Hisashi Ro, Shinya Munakata*, Takae Ueyama, Hiromitsu Komiyama, Makoto Takahashi, Yutaka Kojima, Yuichi Tomiki and Kazuhiro Sakamoto
Faculty of Medicine, Department of Coloproctological Surgery, Juntendo University, Tokyo, Japan
*Corresponding Author: Shinya Munakata, Faculty of Medicine, Department of Coloproctological Surgery, Juntendo University, 2-1-1 Hongo, Bunkyo-ku, Tokyo, 113-8421, Japan, Tel: +81-3-3813-3111, Email: [email protected]

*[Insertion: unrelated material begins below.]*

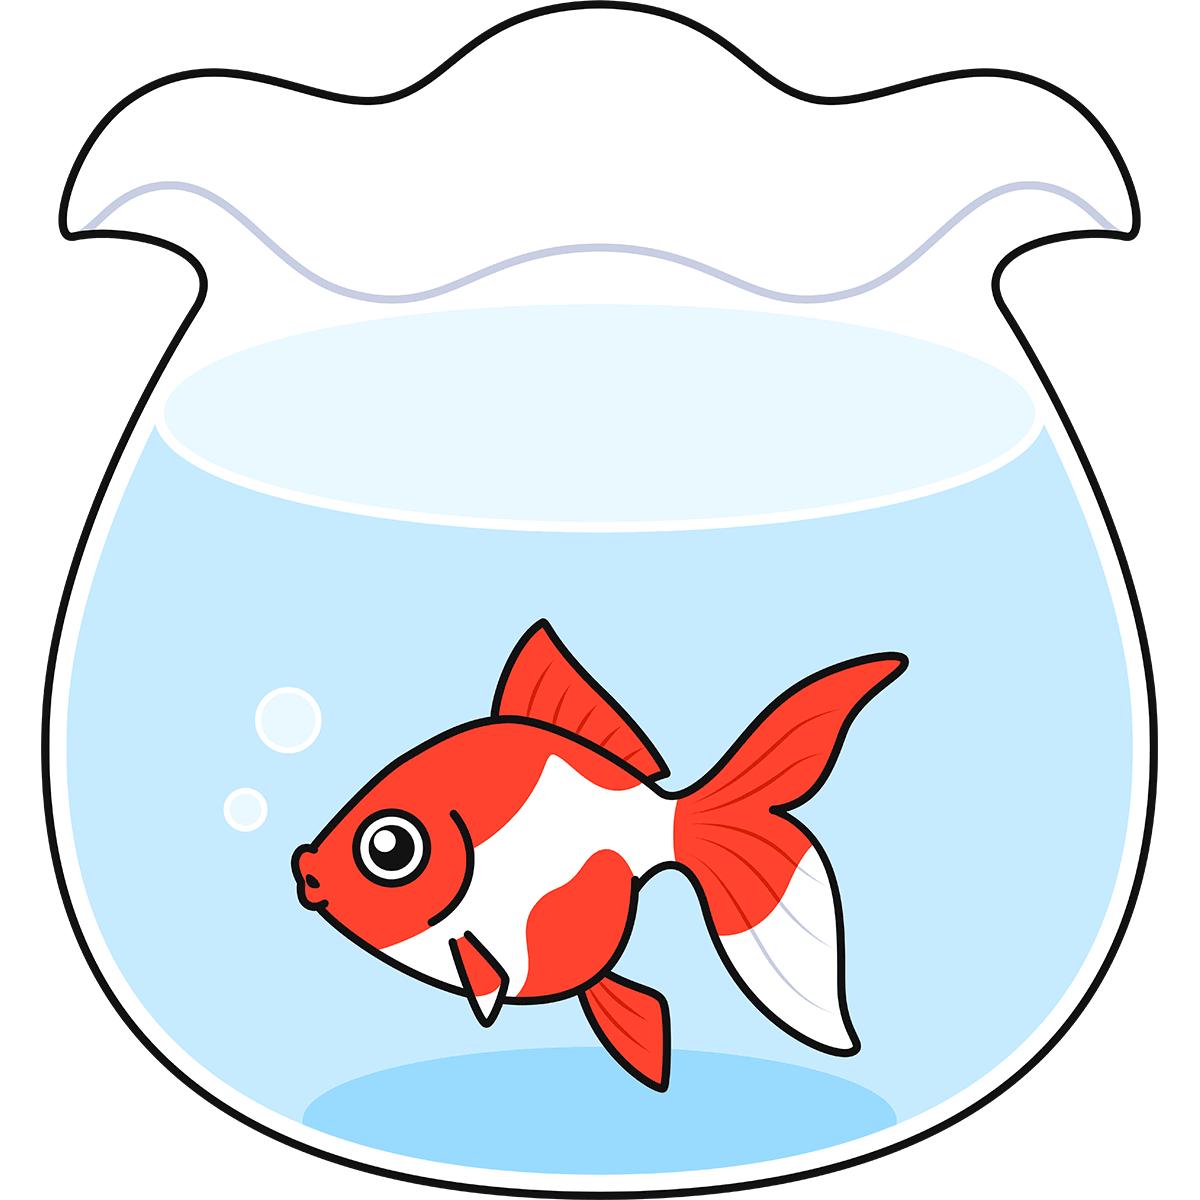 金魚鉢の無料イラスト
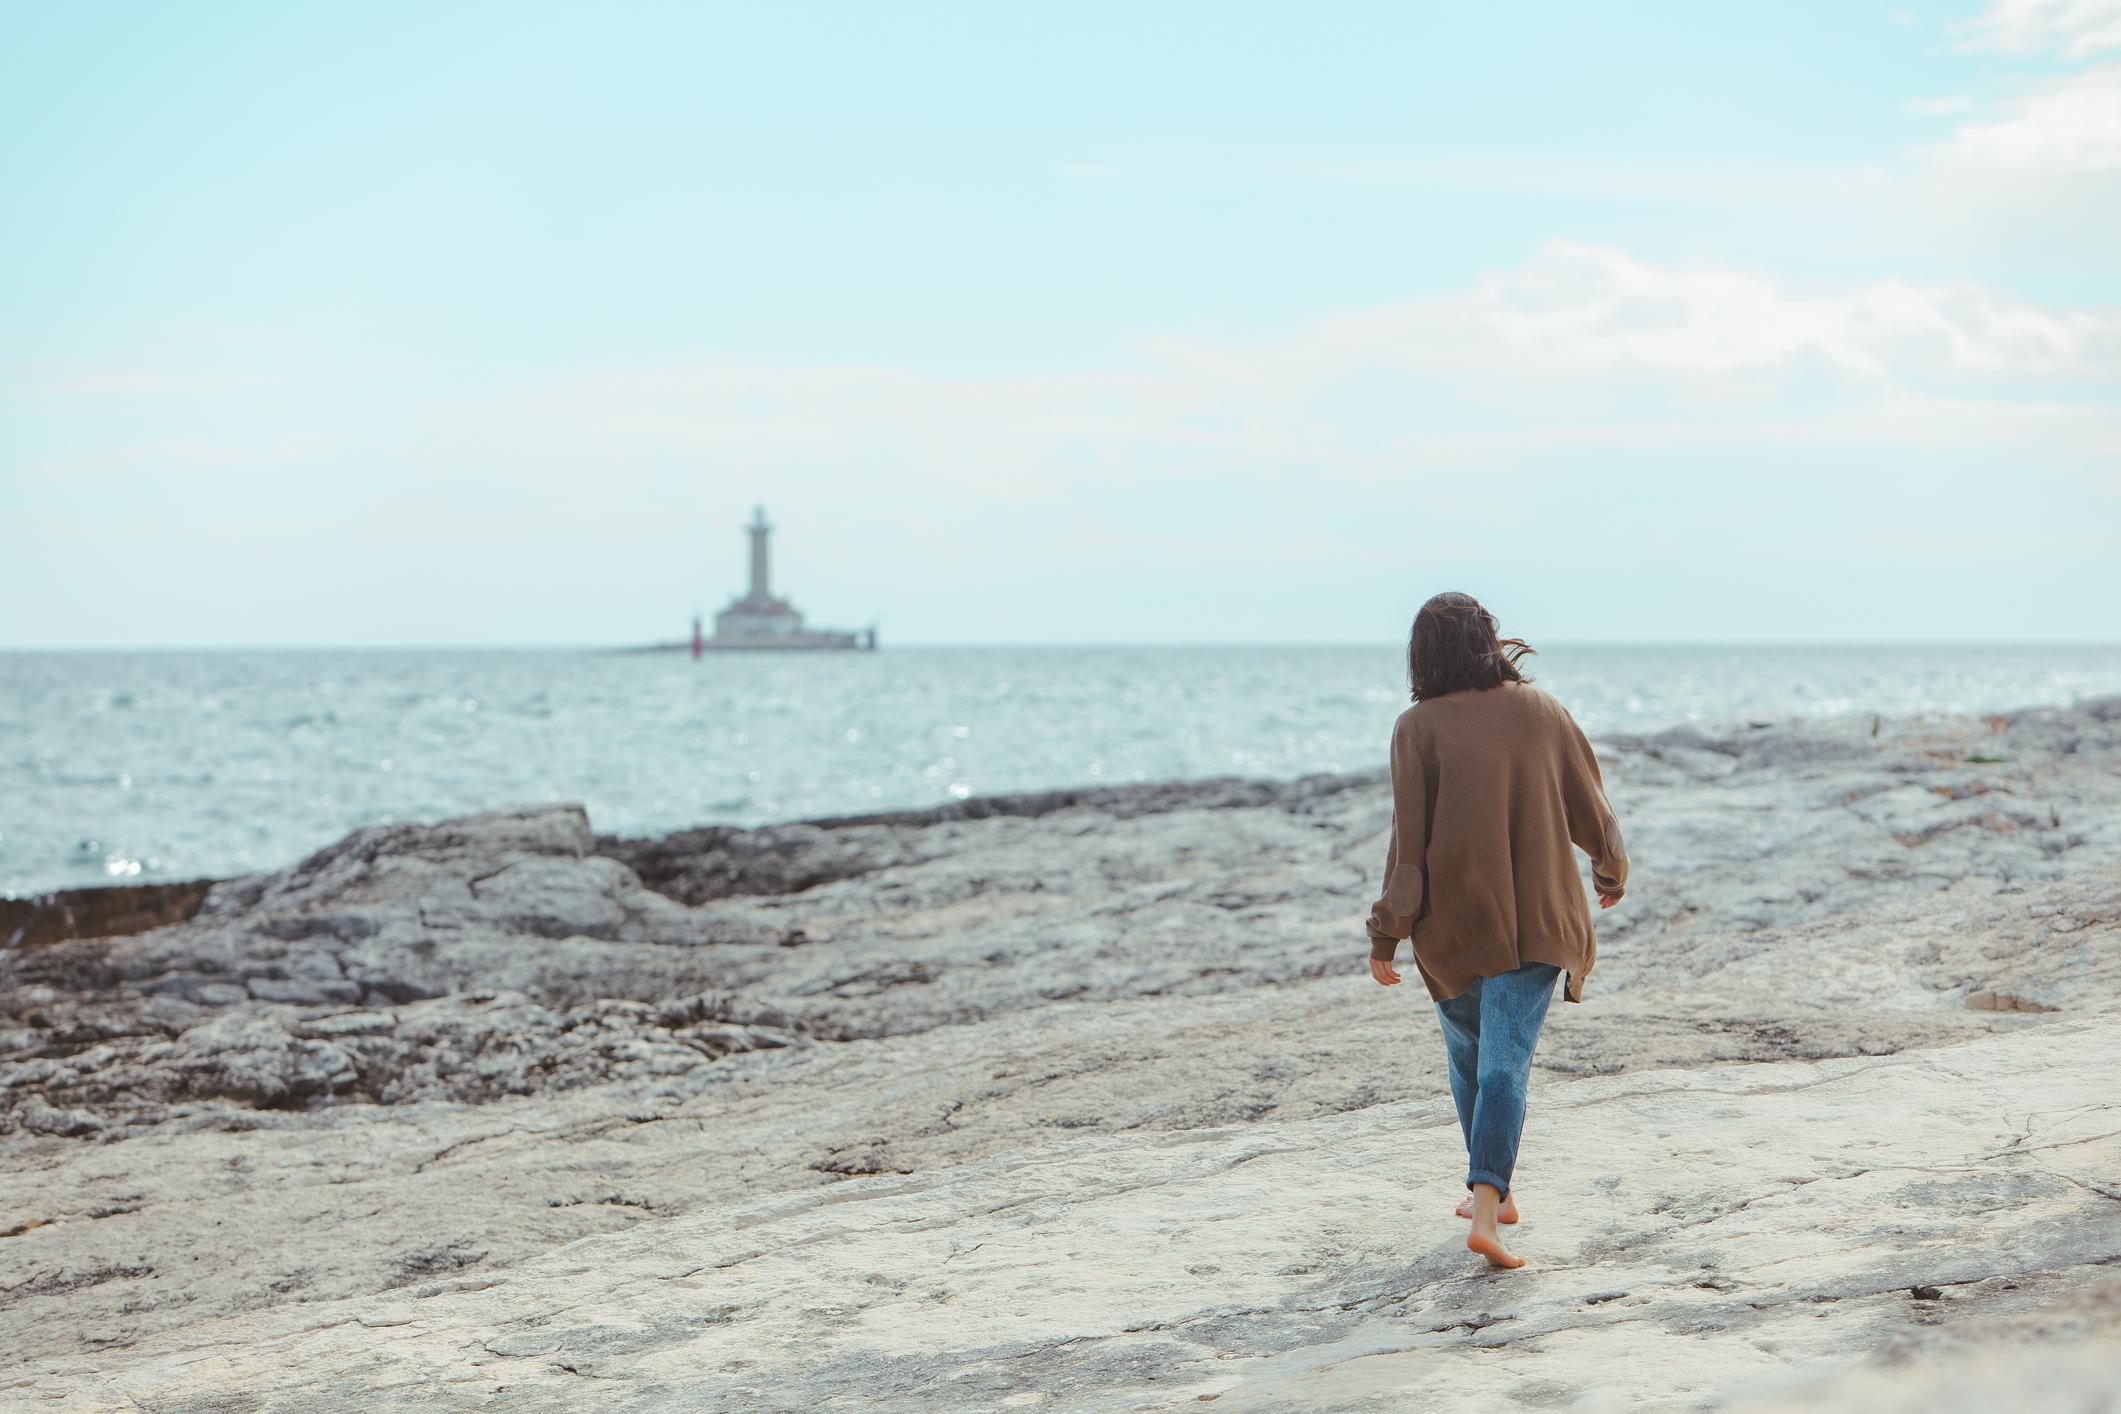 Hodajte, ne treba nam puno koraka dnevno da za sebe napravimo veliku korist, za svoje zdravlje i dugovječnost. Hodajte, bilo kada i bilo gdje.

Received Date: Jan 17, 2018 / Accepted Date: Feb 02, 2018 / Published Date: Feb 08, 2018

Abstract

Background and aims: In recent years the number of patients with inflammatory bowel diseases such as Crohn’s disease and ulcerative colitis has been on the rise. Neutrophils are thought to be first cells to colonize disease-state colon tissue. Neutrophil elastase (NE) and cathepsin-G (Cat-G) are major secretory products from activated neutrophils and a major contributor to tissue destruction in inflammatory diseases. We predicted that inhibiting neutrophils and their proteases would improve ulcerative colitis.
Methods: Acute colitis was induced in mice by oral administration of 2% DSS for 7 days. In the first experiment, an inhibitor of Gr-1, a key neutrophil protein, was administered. In the second, the respective antagonists for NE and Cat-G, proteinases secreted by neutrophils, were administered, and the conditions of DSS-induced colitis were evaluated for improvement. Blood samples were collected and analyzed for levels of cytokines.
Results: The survival rate and pathology were improved in the Gr-1 inhibition experiments. In addition, administration of inhibitors of NE and Cat-G also resulted in clinical improvement. However, elevation of TNF-α, a key cytokine, was not suppressed in either experiment.
Conclusion: The proteolytic environment of neutrophils is associated with colonic inflammation. Disruption of the neutrophil proteases NE and Cat-G might therefore be a strategy for treatment of colitis regardless of TNF-α suppression.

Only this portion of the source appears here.